§ DATA IN THIS EXERCISE:
# # #
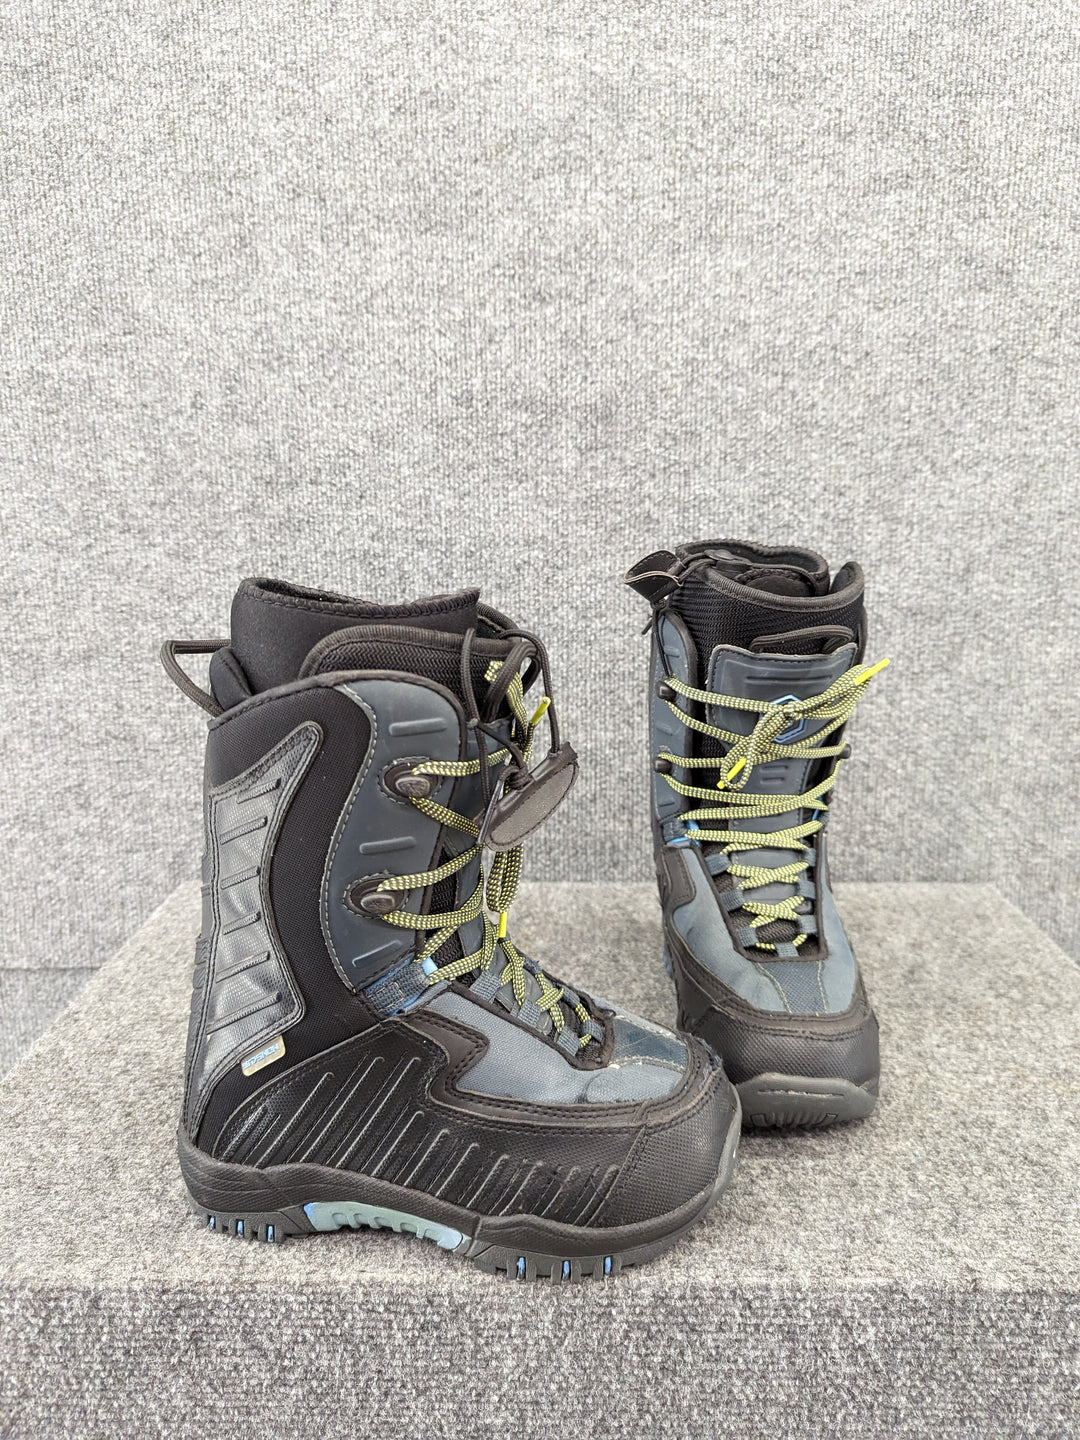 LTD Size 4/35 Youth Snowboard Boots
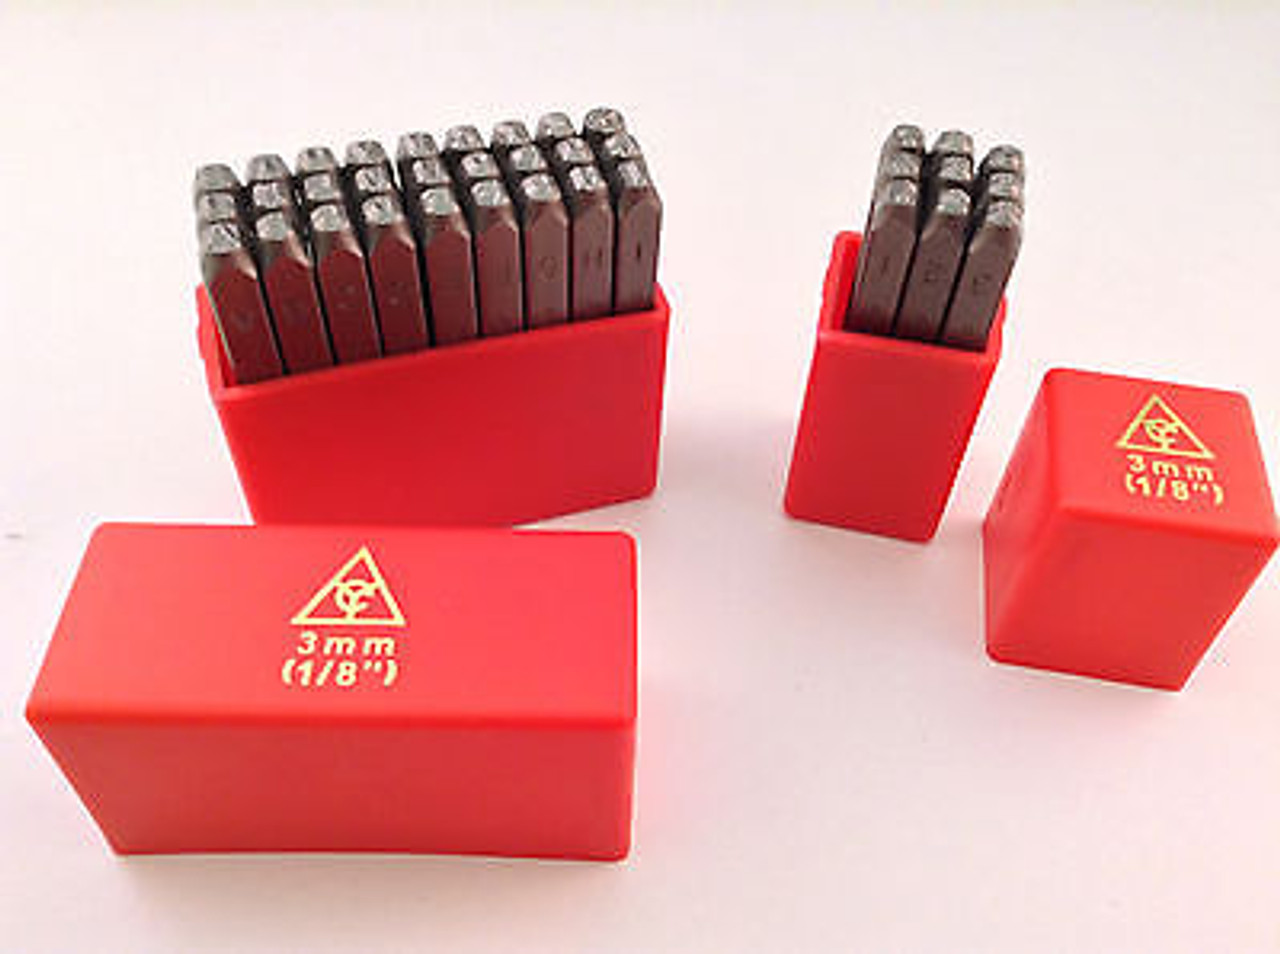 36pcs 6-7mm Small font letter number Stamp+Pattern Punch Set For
# # #
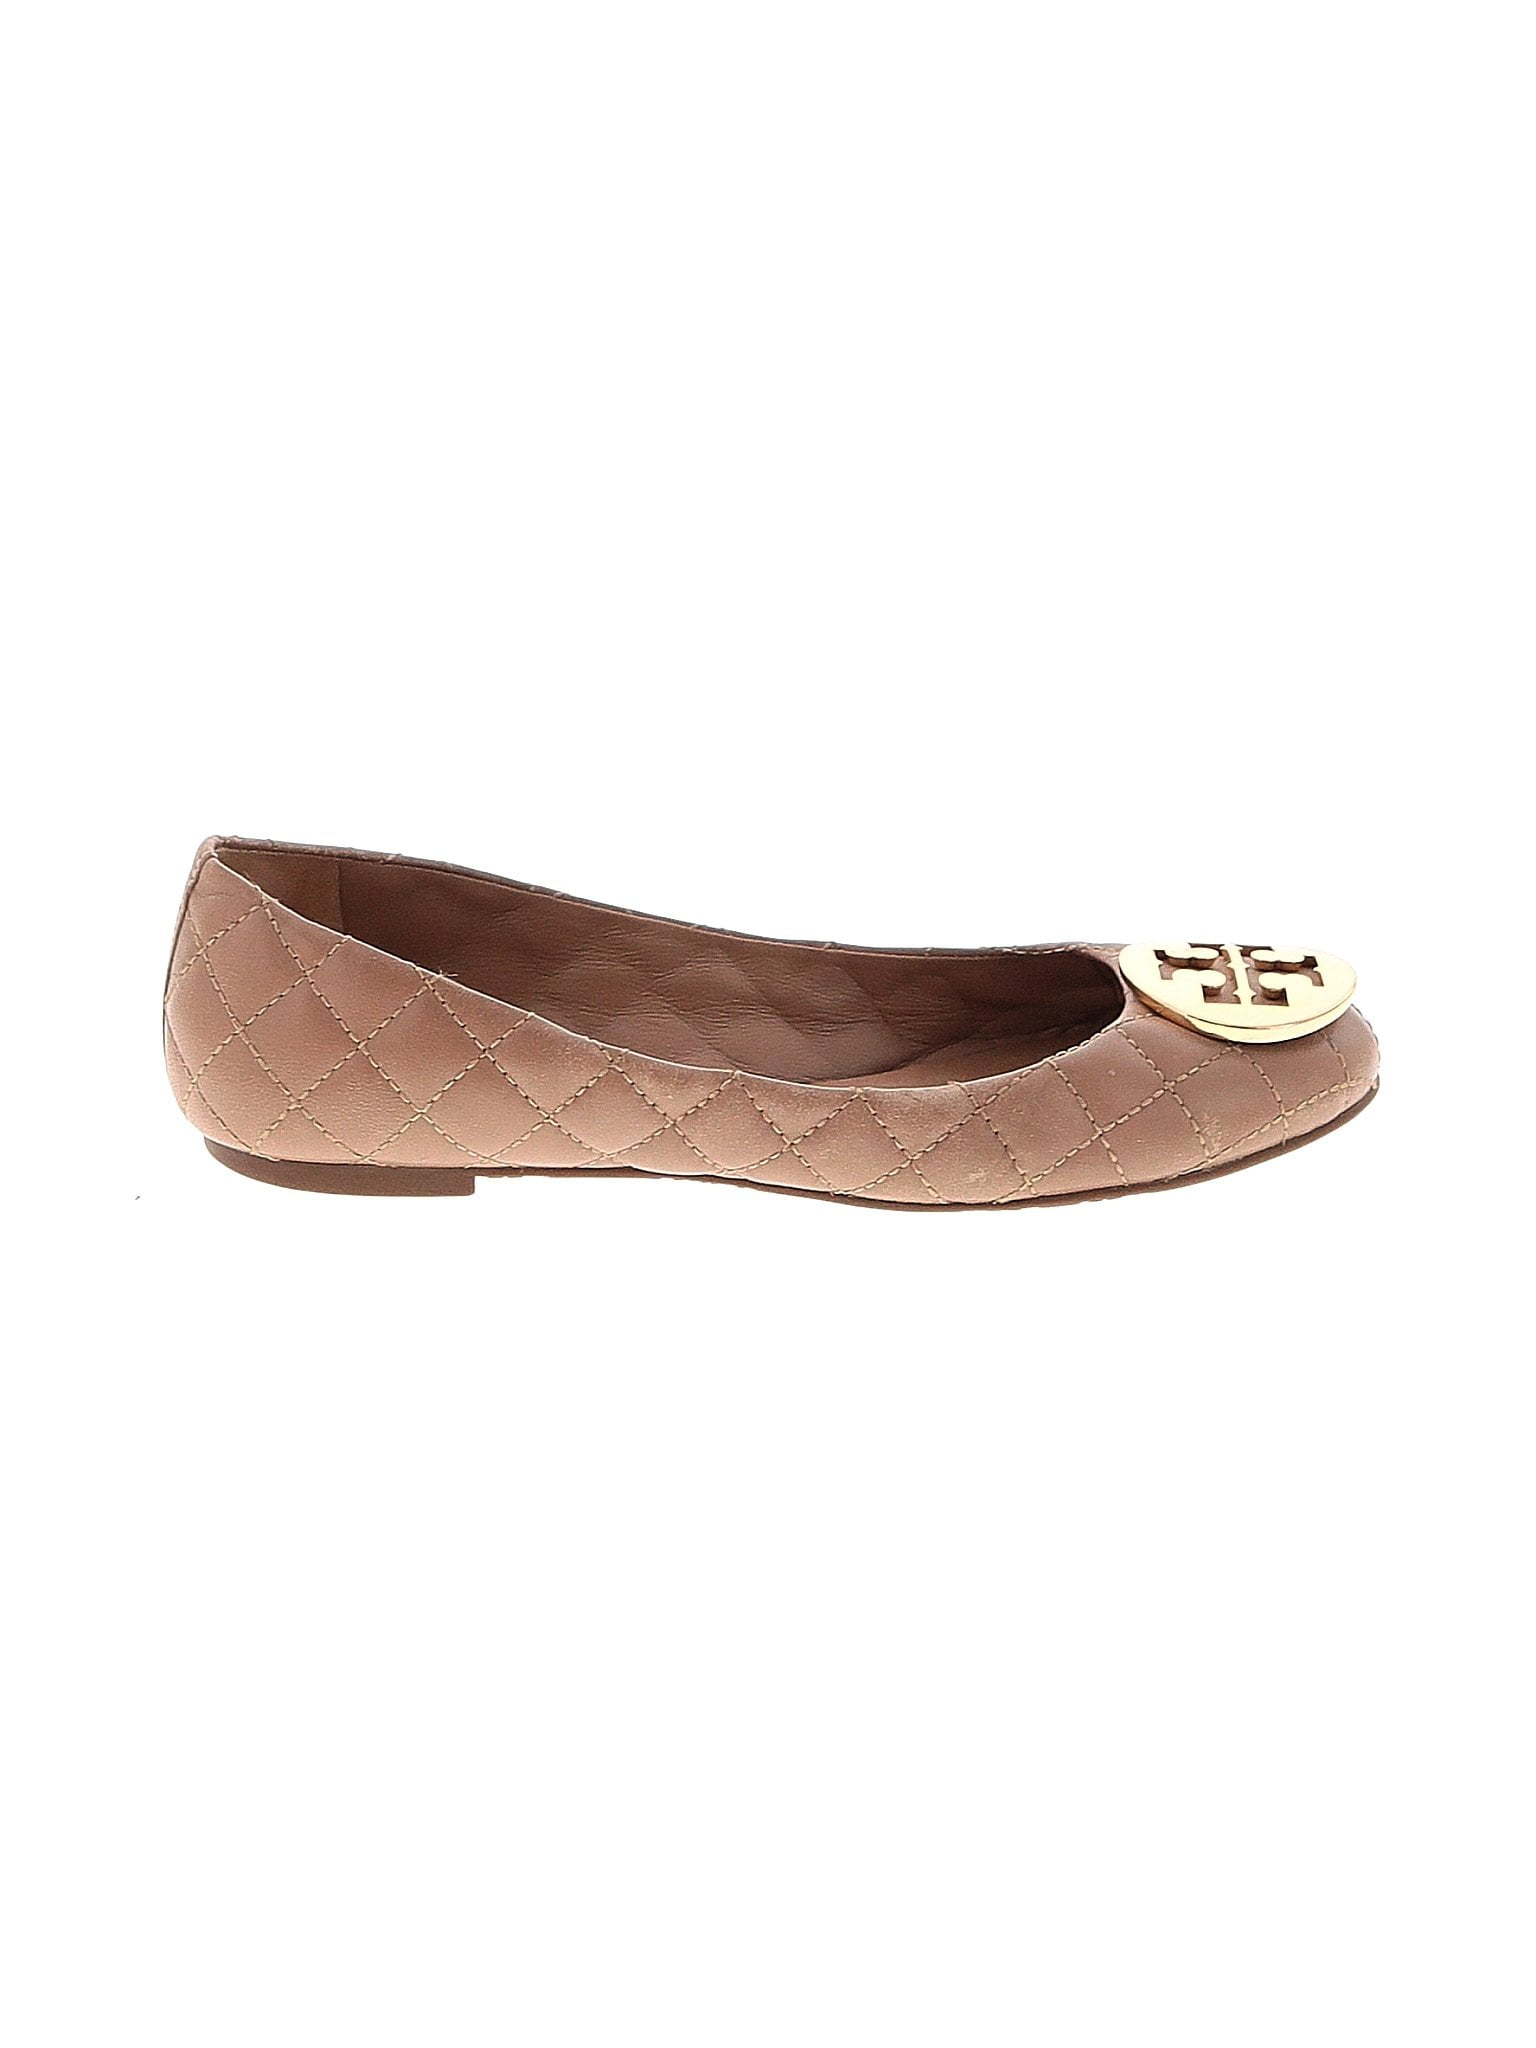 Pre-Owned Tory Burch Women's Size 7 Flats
# # #
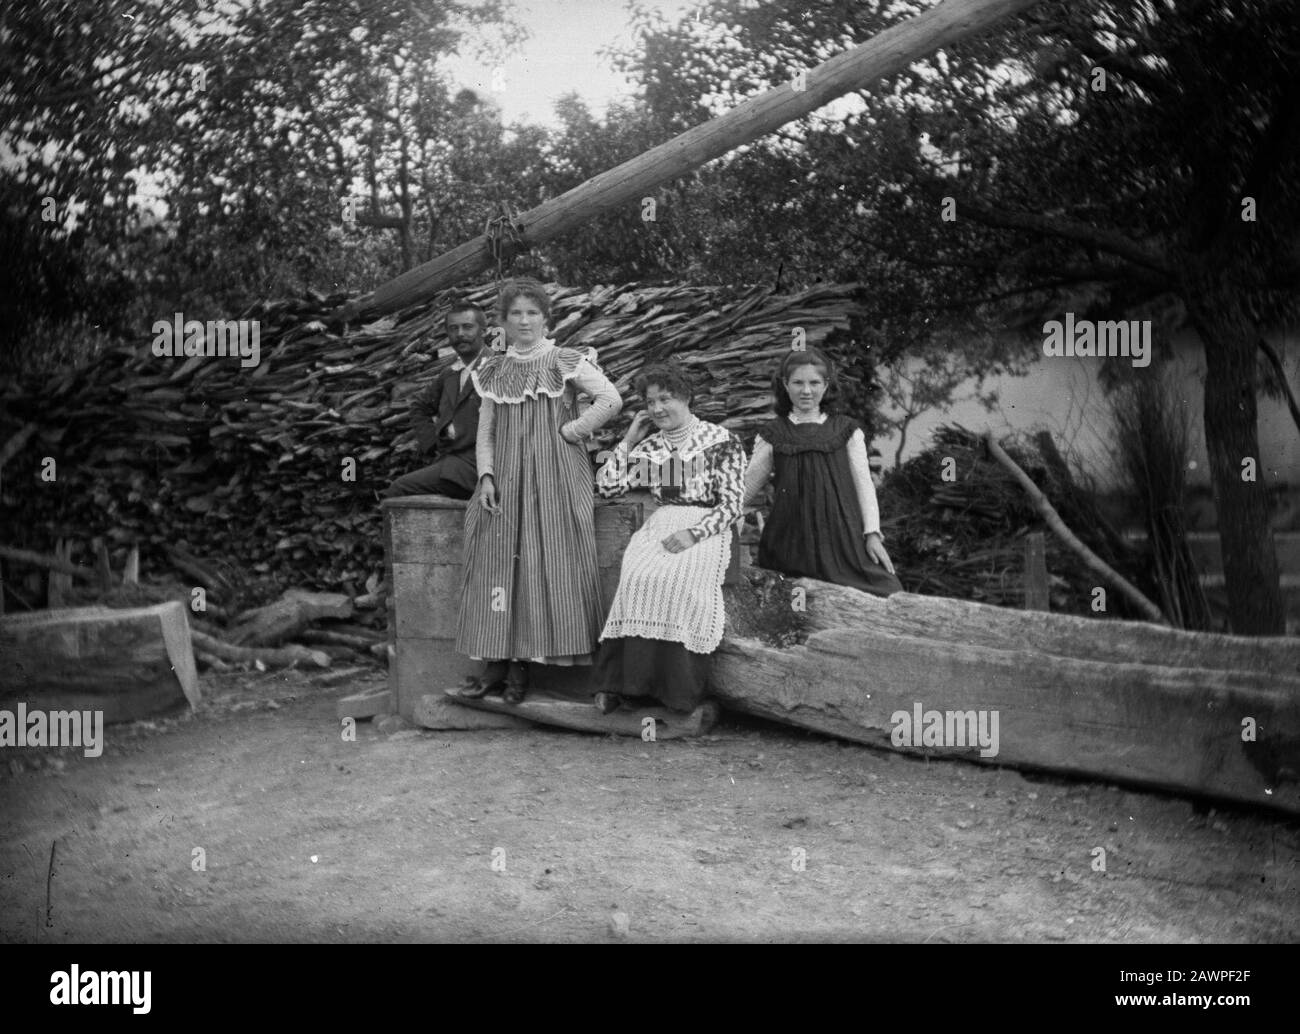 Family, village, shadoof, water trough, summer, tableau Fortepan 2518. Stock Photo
# # #
§ INSTRUCTIONS TO FOLLOW: Take the lines above starting at the one containing "LTD Size 4/35 Youth Snowboard Boots" and ending at the one containing "36pcs 6-7mm Small", and print them again exactly, without pictures.

§ COMPLETED TASK:
 LTD Size 4/35 Youth Snowboard Boots
 36pcs 6-7mm Small font letter number Stamp+Pattern Punch Set For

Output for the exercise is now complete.